If Stevenson, who is African-American, and her fellow students do not return in the fall, Columbia College would lose a significant source of funding: two-thirds of the college’s revenue comes from tuition and fees.
Faced with this reality, Stevenson sees Columbia College’s recent decision as a means of survival.
“Personally I’d rather see the school I love stay open…and maybe we can open the eyes and ideals of men coming into that kind of understanding how we think and how we feel, than college be shut down completely,” she said.
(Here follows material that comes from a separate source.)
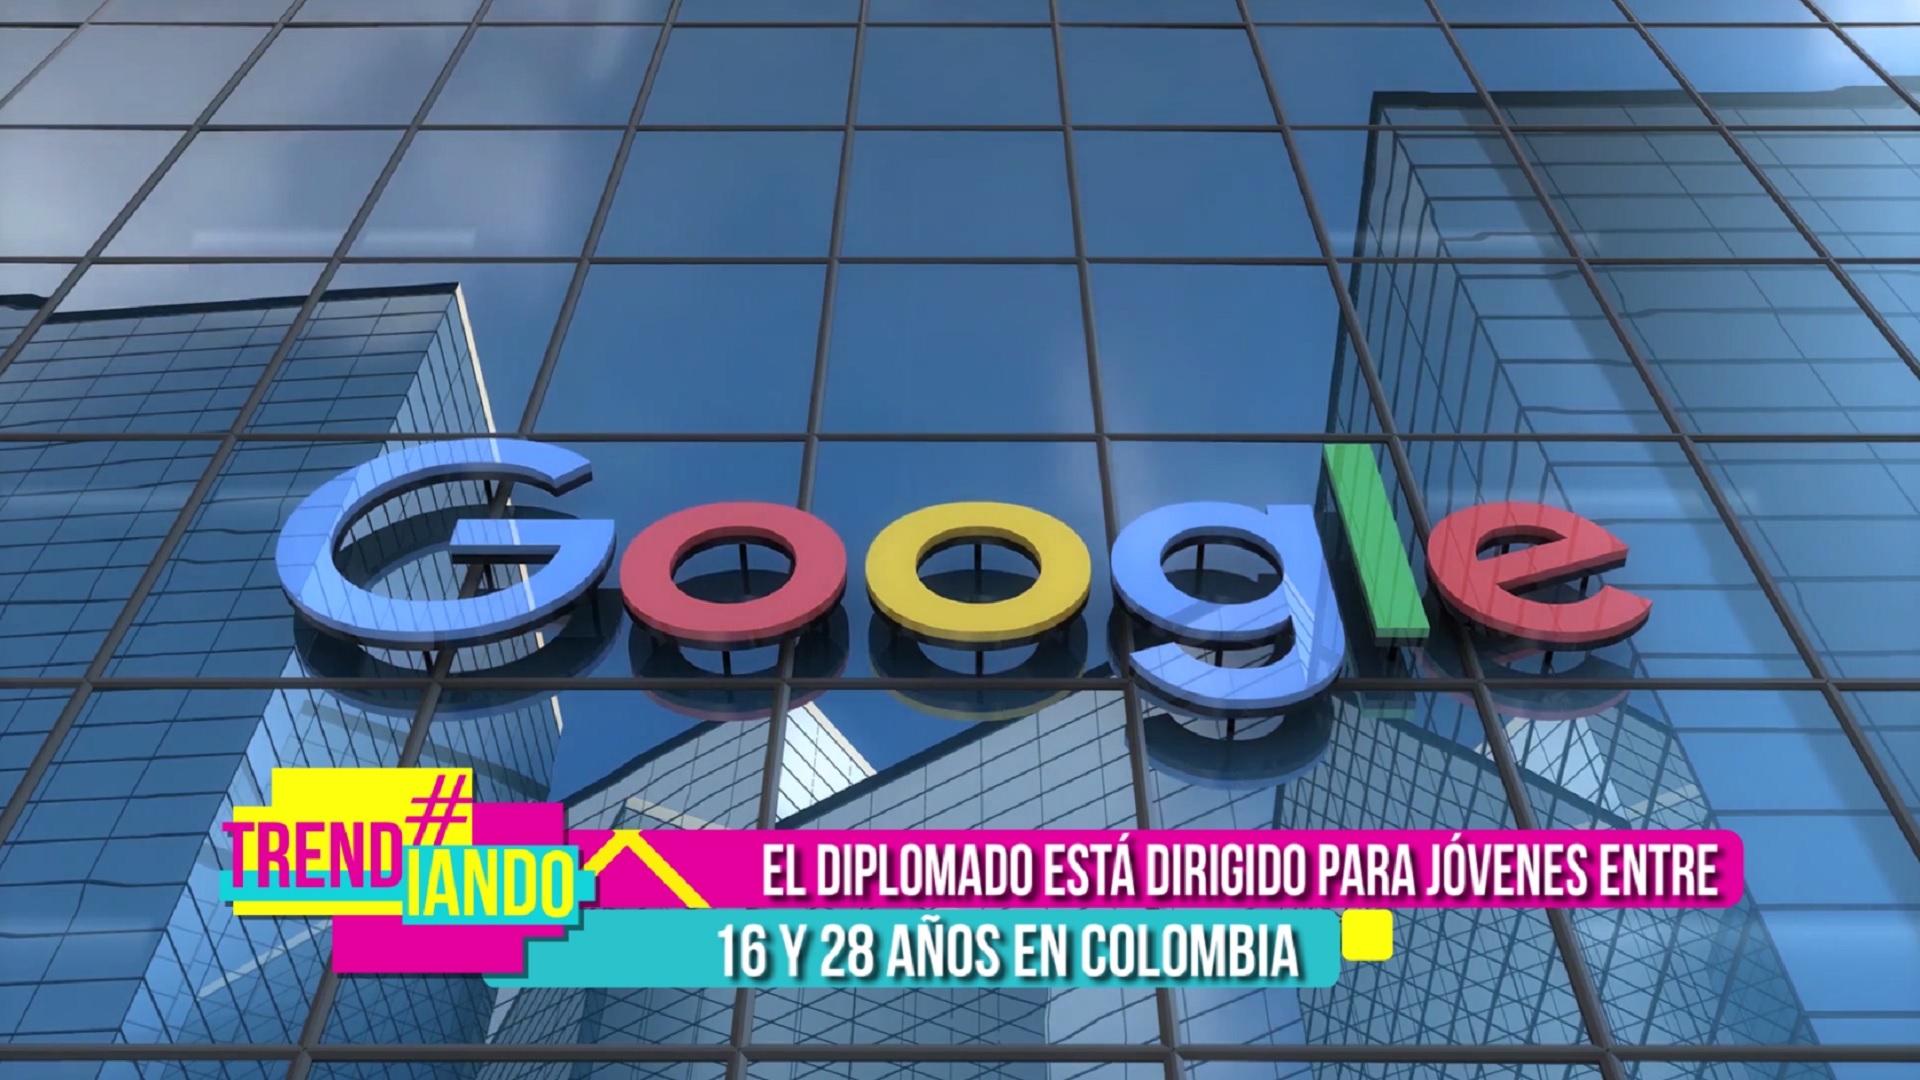 diplomado-juventic-de-google-para-jovenes-en-colombia.jpg

A New Era For ‘Health Leadership’
Not all women’s colleges are going co-ed to solve enrollment challenges. In April, Salem College, located in North Carolina, announced that the institution would change its educational focus to “health leadership.”
A letter from McDara P. Folan, chair of the college’s Board of Trustees, defends the decision, citing that 34% of Salem’s student body is currently enrolled in health-related programs of study.
“This distinctive focus will attract young women who want to lead in health-related professions, assuring Salem’s viability as a woman-focused institution in the competitive world of higher education.”
The focus would enable Salem students to pursue fields beyond medical practice as well, ranging from health policy and administration to bioethics and epidemiology.
Like other women’s colleges, Salem College has struggled with enrollment in the past decade. Eight hundred and forty two students were enrolled In the fall of 2018, compared to 1,165 in 2012.
In 2018, “a lower than expected incoming freshman class headcount” contributed to financial losses, according to data reported to the Department of Education. That same year, the Southern Association of Colleges and Schools Commission on Colleges placed the college on financial probation. The probation was lifted in 2019.
Julia Herrera, who graduated Salem College in May 2019, recalls that time of uncertainty.
“The school had to bounce back from that,” she said.
While Herrera is confident that Salem College could recover from future financial losses from the pandemic, she remained hesitant to believe that the new changes would help increase enrollment and retain students at the same time.
“I feel like that’s just going to influence students to leave even more,” she said. “Salem might not be people’s first choice when it comes to the new program.”
Herrera hadn’t planned to attend a women’s college at first, but chose to attend when the school gave her a significant amount of financial aid. While a student, she appreciated how the school provided her freedom to express herself, and she enjoyed how “everyone was on the same page, regarding women’s rights.” This is an experience she wants future Salem students to have, despite the pressures of a COVID-19 world.
“I’d want people to experience going to a [woman’s college] and I wouldn’t want that school to suffer financially.”
Salem College and Columbia College did not immediately respond for comment.